The man who changed Indian cinema

Bengali filmmaker Satyajit Ray brought a new vision of India to the screen

Pather Panchali, 1955, the first film in Satyajit Ray’s Apu trilogy, was greeted with rapturous acclaim. Credit: Alamy 
issue 25 June 2022

At 6ft 4½in tall, Satyajit Ray was head and shoulders above his countrymen. His height was unheard of among Bengalis, ‘a low-lying people in a low-lying land’, as the colonial saying went. With his stature, jawline and baritone voice, he might have been a Bollywood hero. Instead, he chose to tower over the world of art-house cinema, a directorial giant among the likes of Bergman, Kurosawa and Fellini, alongside whom he is credited with inducting cinema into the temple of high culture.

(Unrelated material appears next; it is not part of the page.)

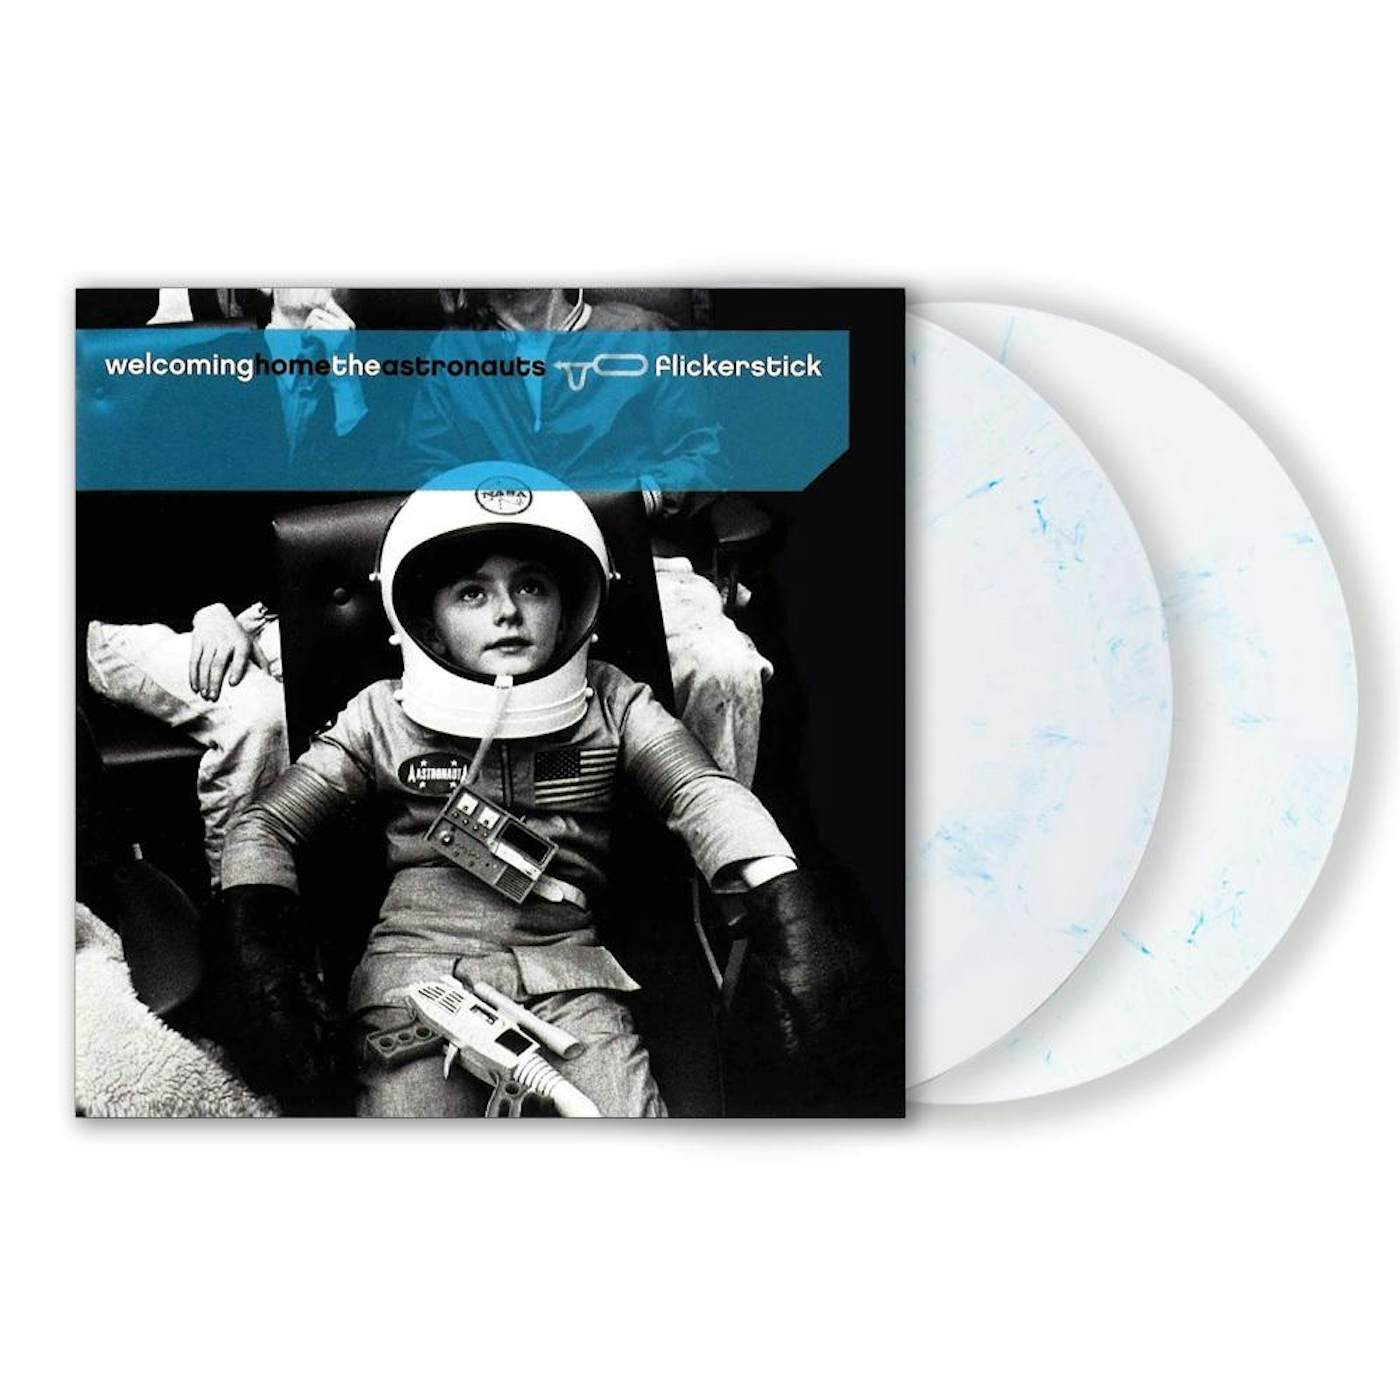 Flickerstick - Limited Edition Welcoming Home The Astronauts Swirl LP (Vinyl)

His standing was secured with his first film, Pather Panchali, which premièred at New York’s Museum of Modern Art in 1955. India then only churned out musicals which, as Ray later put it, ‘present a synthetic, non-existent society’. He spearheaded a new school of Indian cinema that was self-consciously artistic and realist. The acclaim was rapturous. Pather Panchali and its sequels in the Apu trilogy between them won top prizes at Cannes, Berlin and Venice, and now rank among the greatest movies of all time. Restored versions will soon be screened at a BFI retrospective. But where did they come from?

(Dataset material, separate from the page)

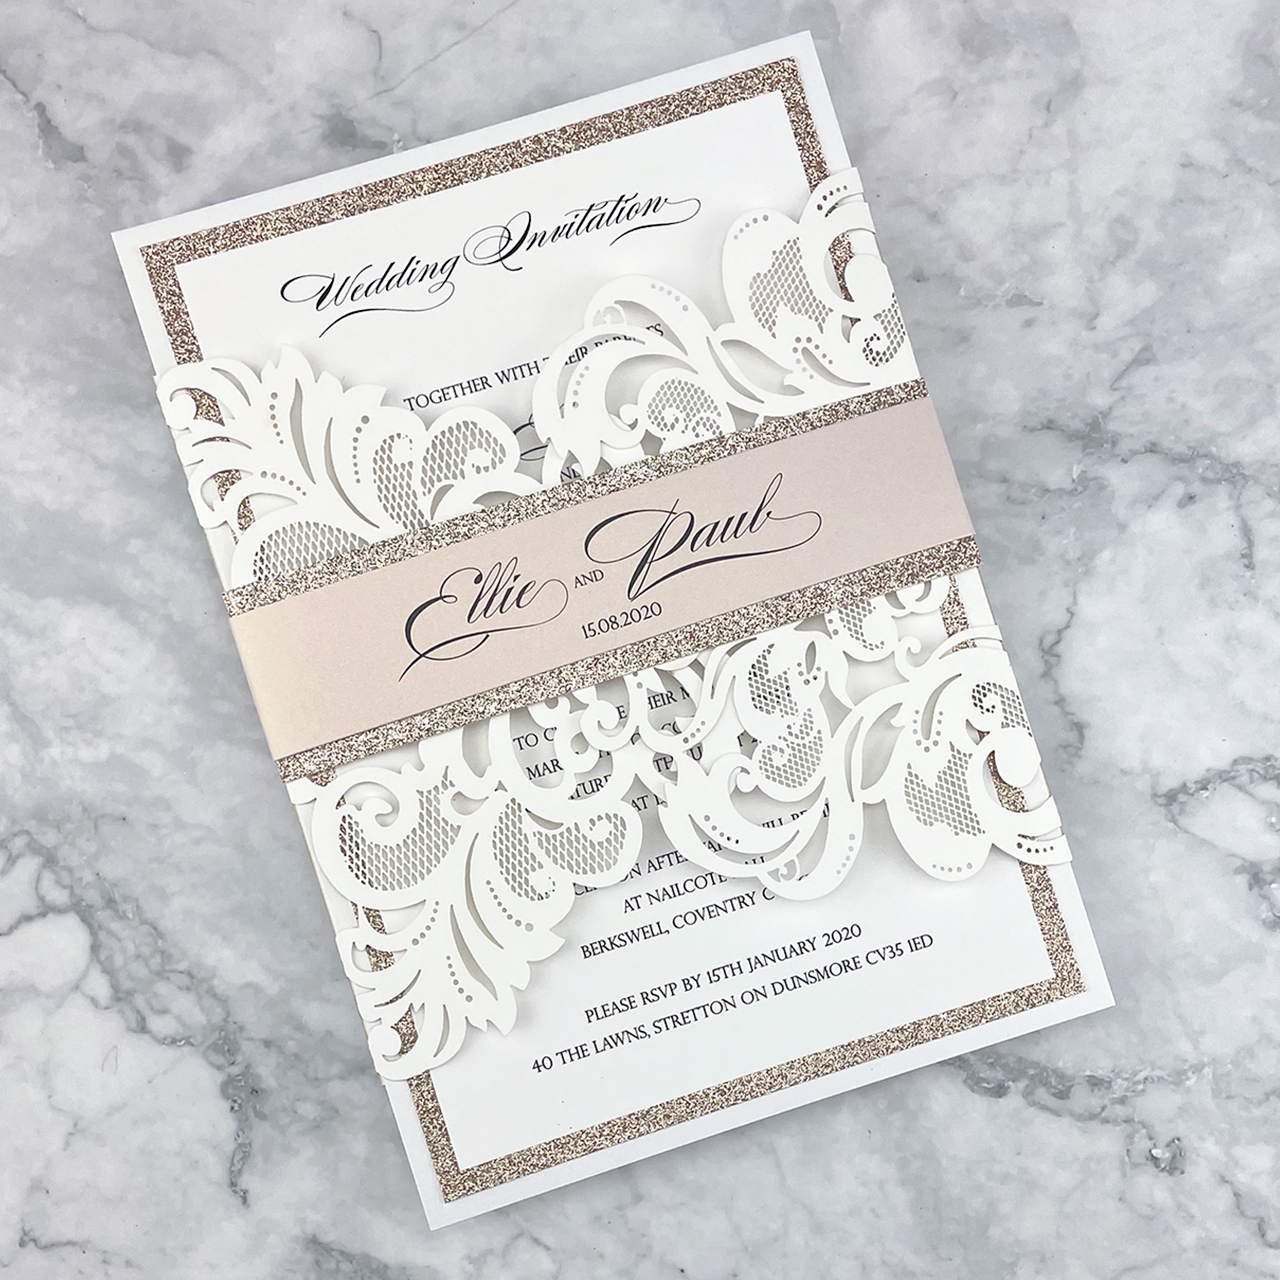 Personalised Laser Cut Wedding Day Evening Invitation Card with Free Envelopes

To say ‘India’ does no justice to their origins. Ray was born in Calcutta – the second city of the British Empire – in 1921, and was steeped in the Bengal Renaissance spawned there by the arrival of western ideas. Its leading light – and Ray’s foremost influence – was Rabindranath Tagore, the poet who in 1912 became the first non-white Nobel laureate. But Ray was the true capstone of the renaissance. Where Tagore was a traditional oriental sage, Ray made his art out of – in his words – ‘one of the greatest inventions of the West with the most far-reaching artistic potential’.

The Bengal Renaissance was powered by renaissance men. Tagore was a composer, painter and playwright, too.